Martin Karl Christian Häusling (born 26 March 1961) is a German politician and member of the European Parliament from Germany. He is a member of the Alliance 90/The Greens, part of the European Green Party.

==Early life==
Häusling was born in Bad Wildungen. Before entering politics, Häusling managed his family's 75 hectare organic farm near Kassel.

==Political career==
===Career in state politics===
Häusling entered local politics in 1981. He was elected to the Landtag of Hesse in 2003, but he failed to retain his seat at the following election in 2008.

===Member of the European Parliament, 2009–present===
Although he successfully stood at the subsequent early election in 2009, Häusling resigned his seat shortly afterwards when he was elected to the European Parliament. He has since been serving on the Committee on Agriculture and Rural Development, where he is his parliamentary group's rapporteur on organic production and labelling of organic products. He also served on the Committee on Budgetary Control between 2009 and 2014.

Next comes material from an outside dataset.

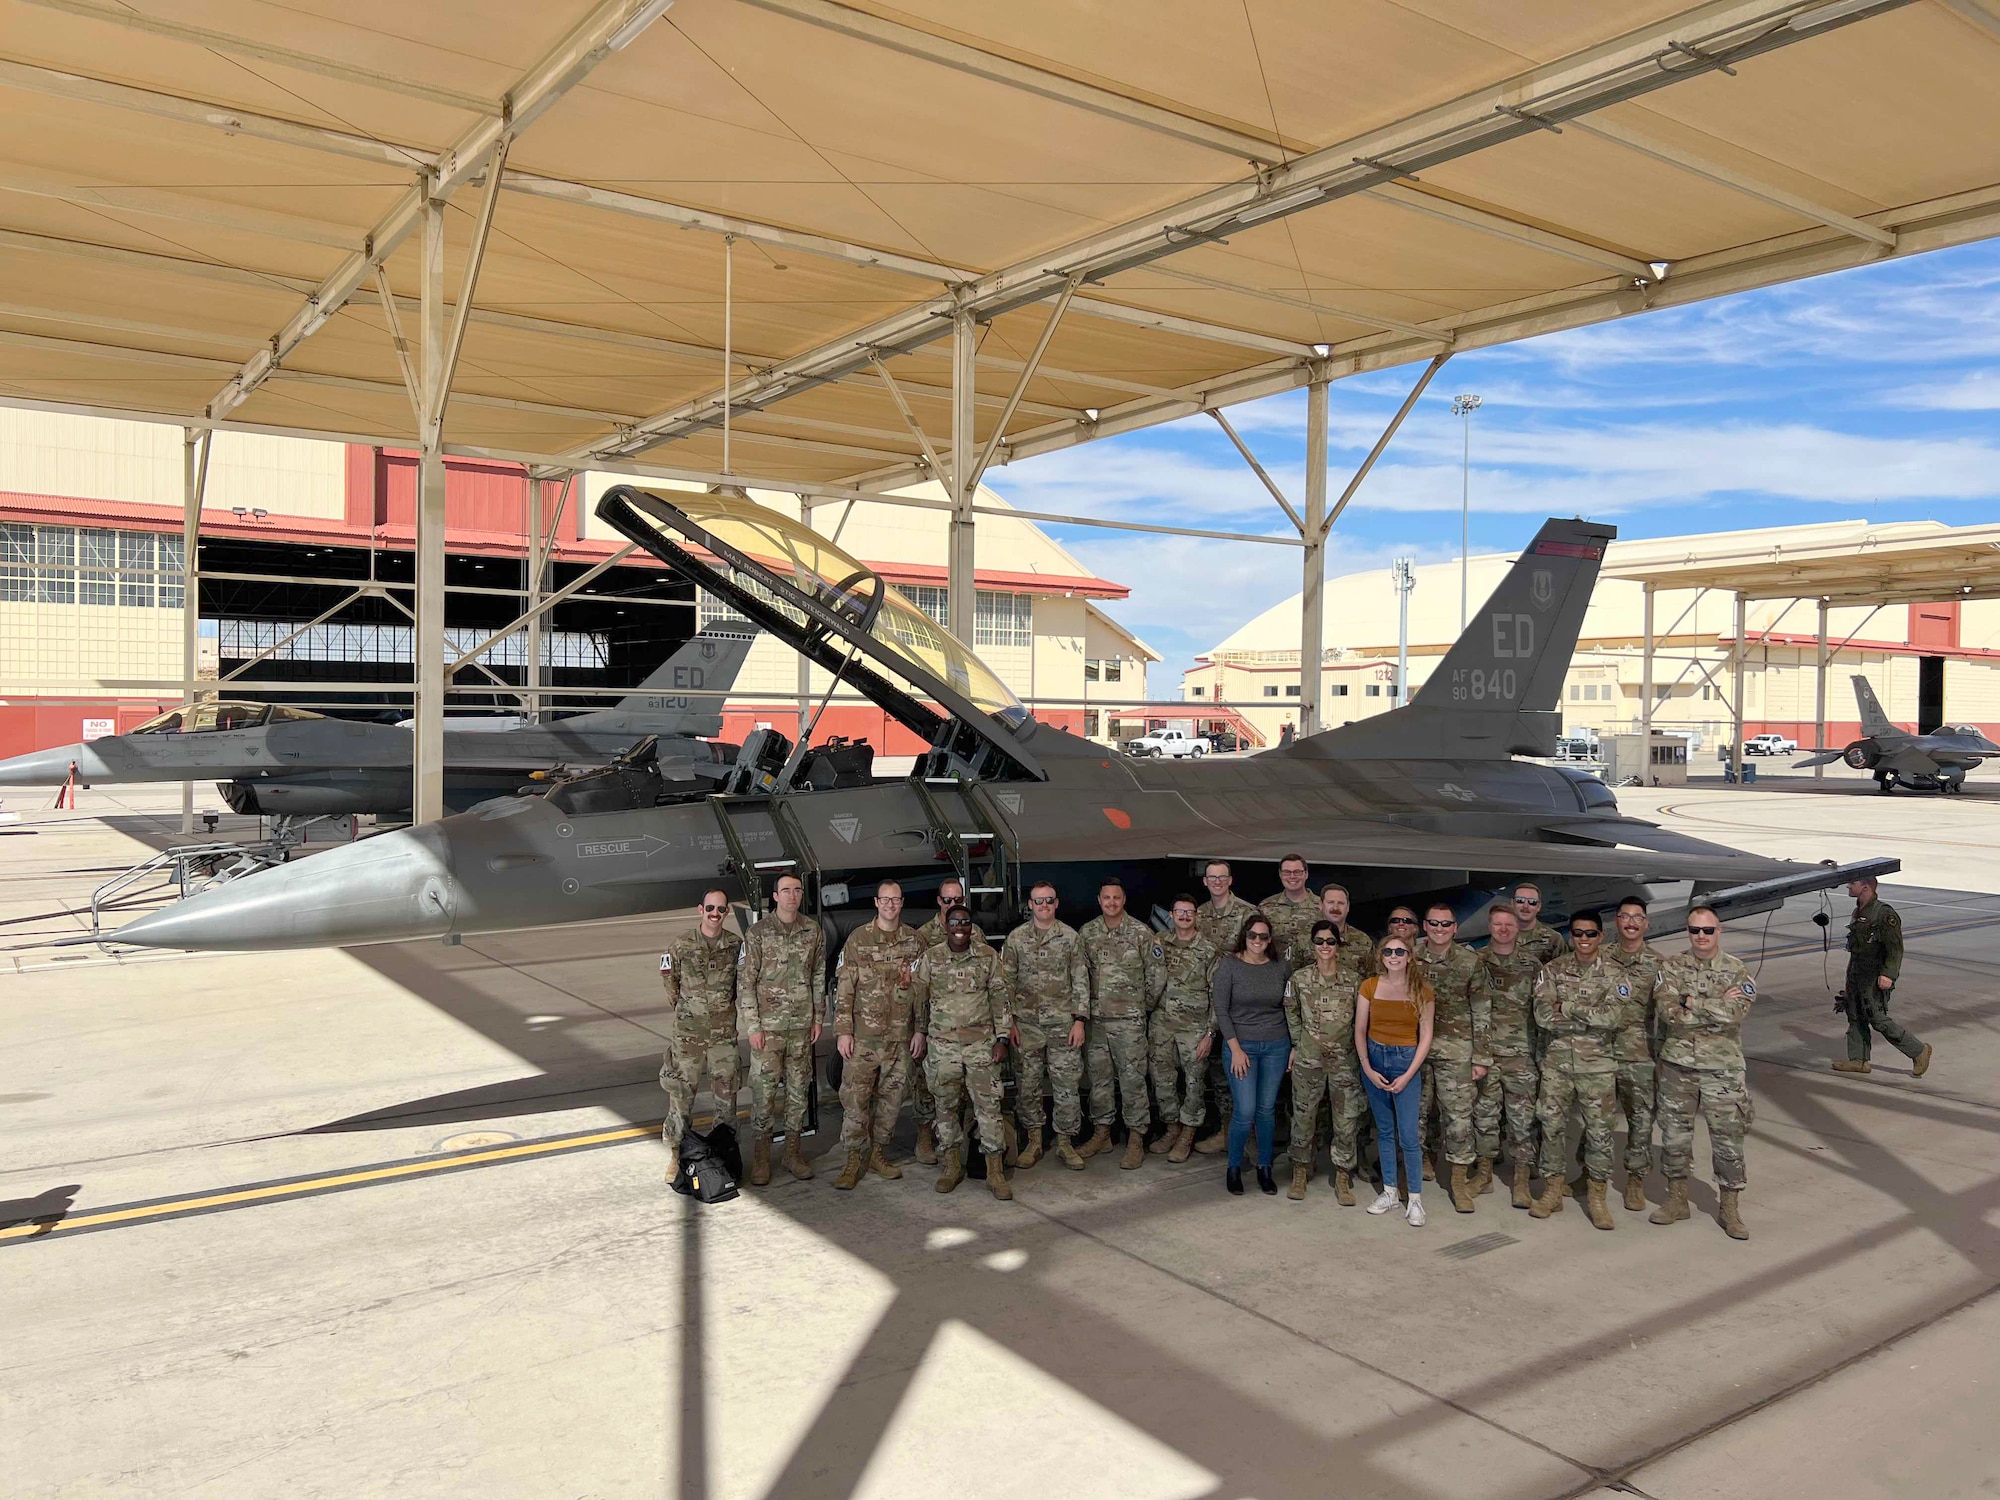 Savannah Langer, pictured front right, Arnold Engineering Development Complex aerospace engineer, stands with a large group of people by an F-16 Fighting Falcon.

In addition to his committee assignments, Häusling has been a member of the Parliament's delegation to the Euro-Latin American Parliamentary Assembly. He is also a member of the European Parliament Intergroup on Climate Change, Biodiversity and Sustainable Development, the European Parliament Intergroup on the Welfare and Conservation of Animals and the MEP Heart Group, a group of parliamentarians who have an interest in promoting measures that will help reduce the burden of cardiovascular diseases (CVD).

In the negotiations to form a so-called traffic light coalition of the Social Democratic Party (SPD), the Green Party and the Free Democratic Party (FDP) following the 2021 federal elections, Häusling was part of his party's delegation in the working group on agriculture and nutrition, co-chaired by Till Backhaus, Renate Künast and Carina Konrad.